A unique aspect of SOAR is that a patient’s hospital providers are readily available to talk with the PCAH nurse to address any outstanding concerns related to the inpatient stay, which leads to a better reconciliation of the treatment plan that is to continue at home. The home care nurse also has a direct line to a HUP pharmacist. As part of the SOAR program, patients receive medications at home via My Penn Pharmacy, removing the need for patients and their caregivers to travel to and from a pharmacy – a factor that many have identified as a “major variable.”

Trotta and her team piloted the program on three patient care units at HUP, focusing on patients living in Philadelphia. Phase 1 of the pilot showed that the mechanisms in place are working. On average, patients were seen by the Penn Care at Home nurse within three hours of discharge. Medication reconciliation decreased from an average of up to six days to just a day and a half. The pilot has now entered Phase 2, where the steering committee will work for determine changes that could make the program more efficient, improve patient outcomes, and keep the program sustainable.

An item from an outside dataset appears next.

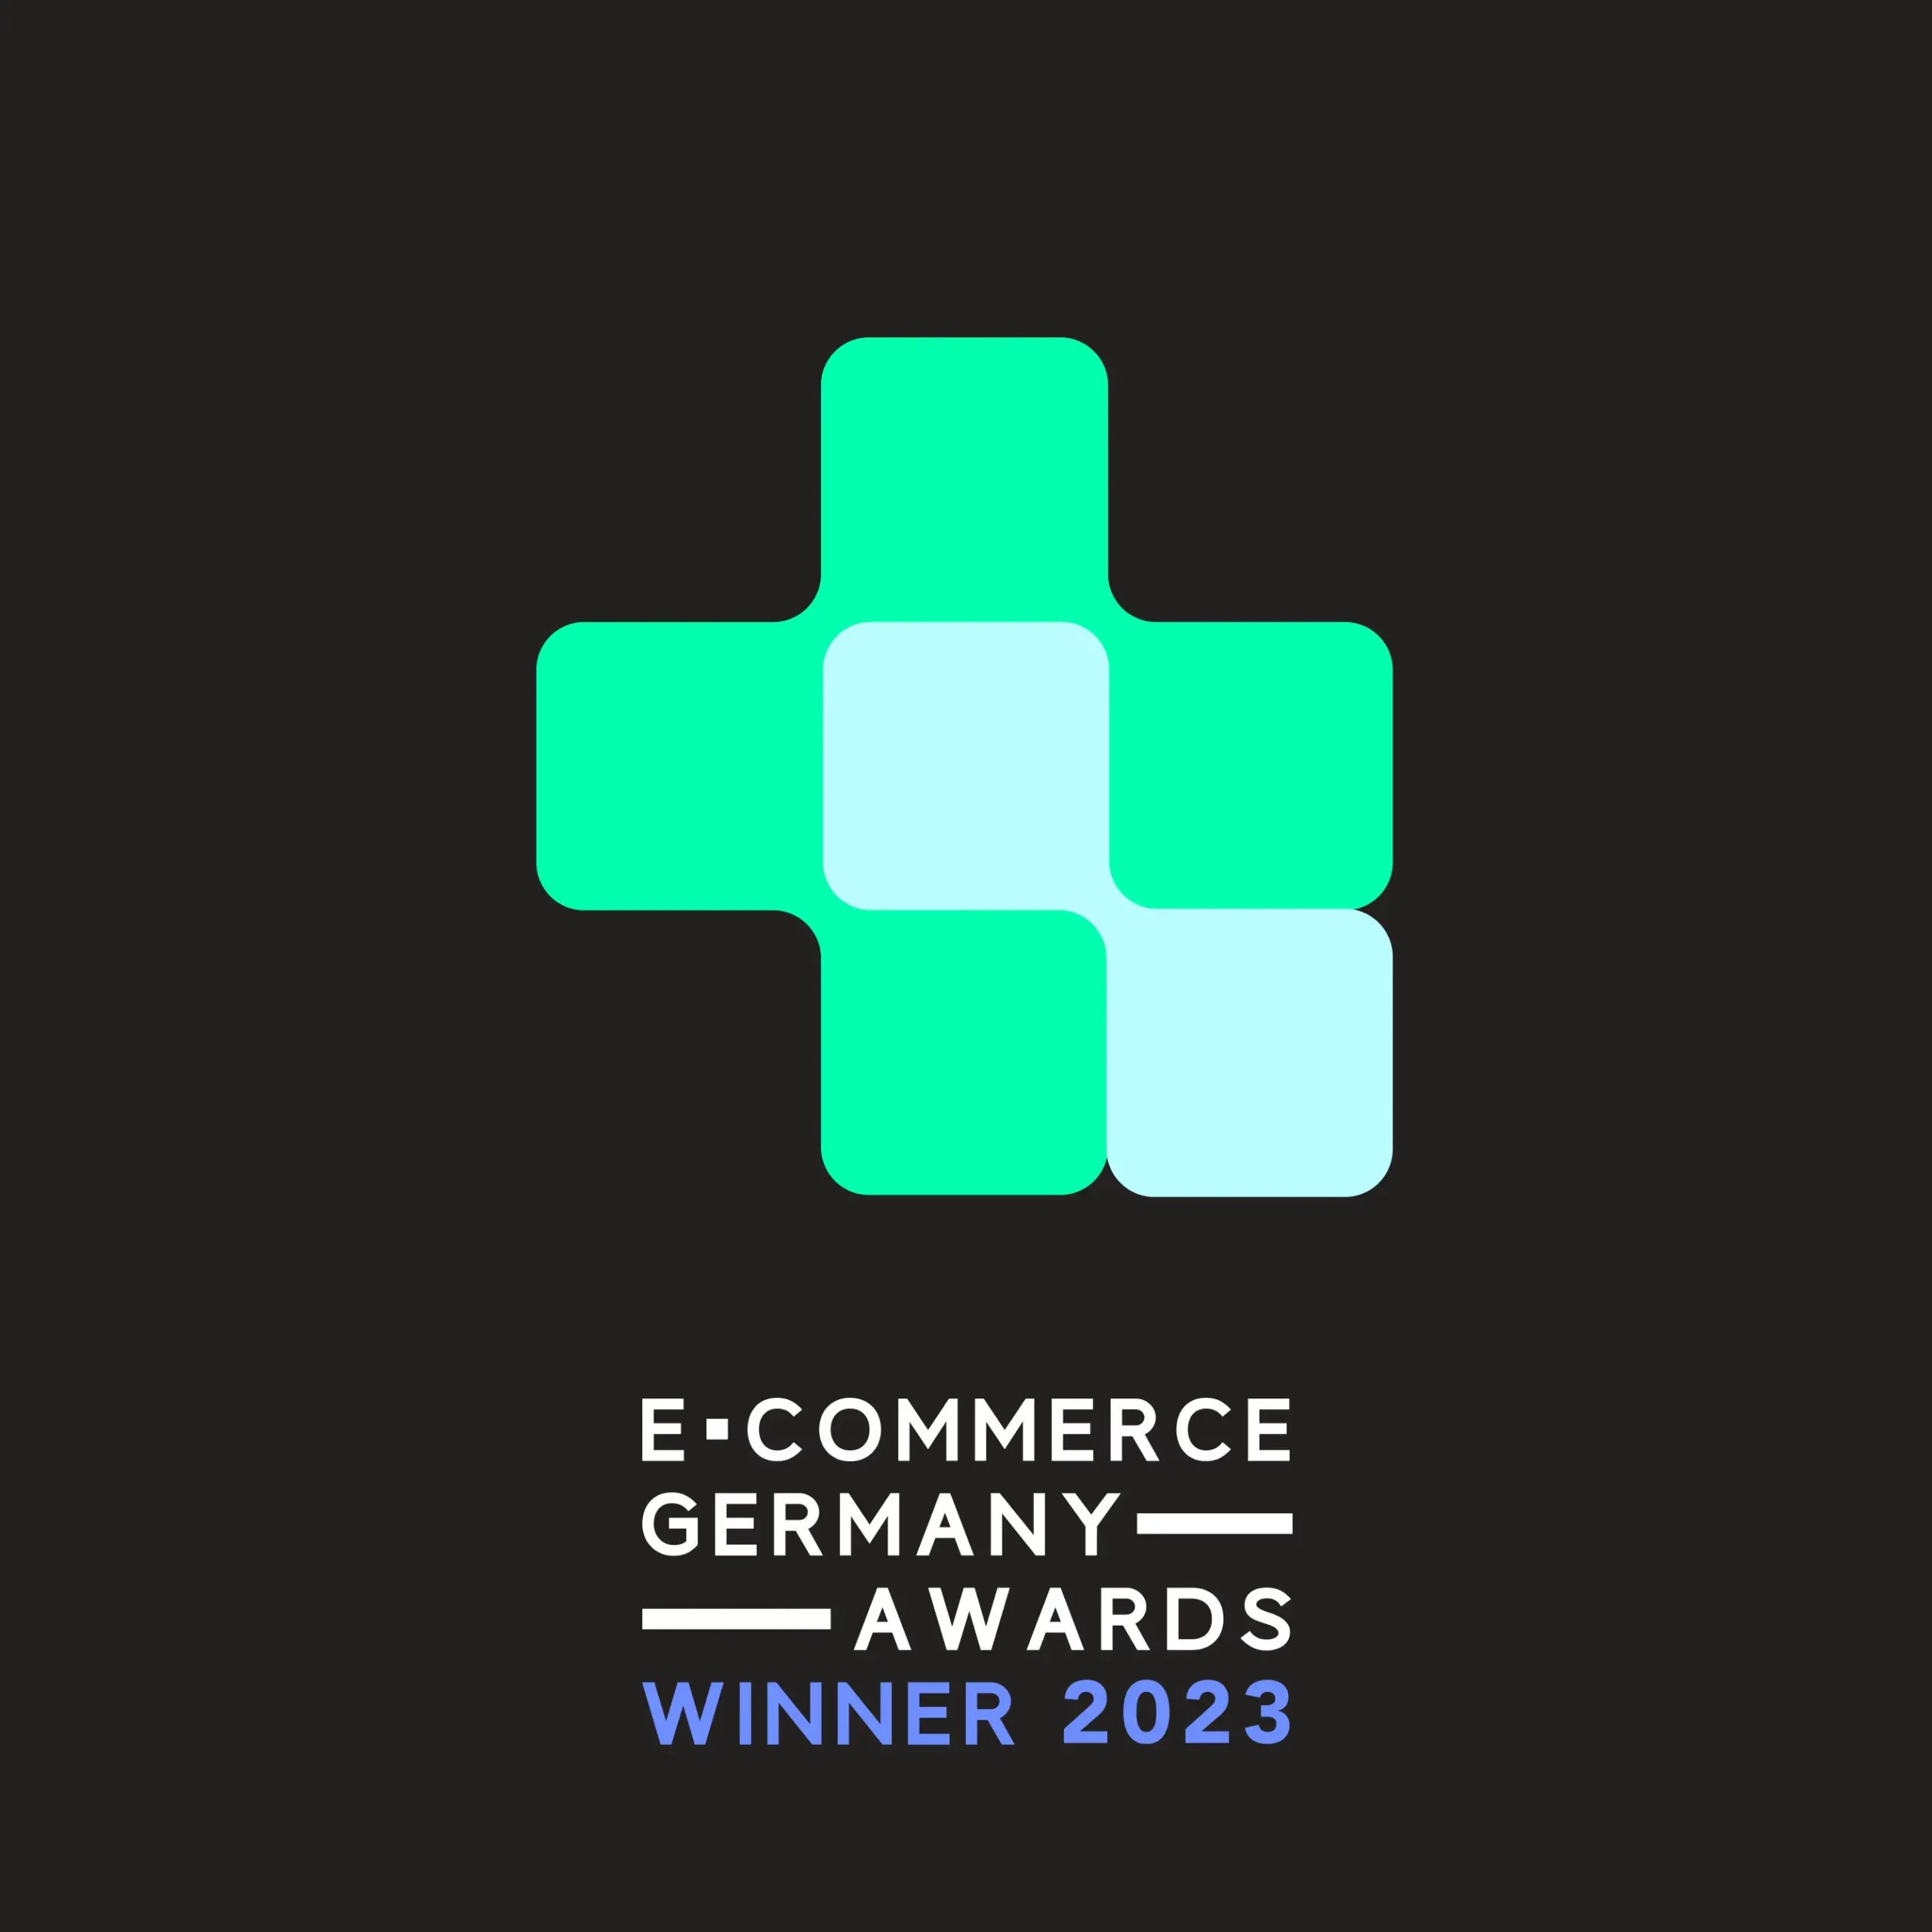 eCommerce fulfillment awards Germany EGA 2023 everstox

Multiple variables factor into the overall value of the SOAR program. For example, in addition to making the transition to home much safer, by discharging patients earlier, SOAR also increases the availability of patient beds on the patient care units.. But the benefit to patient and caregiver still ranks at number one. As one patient in the pilot noted, “There’s something about the magic of being home that helps me recover.”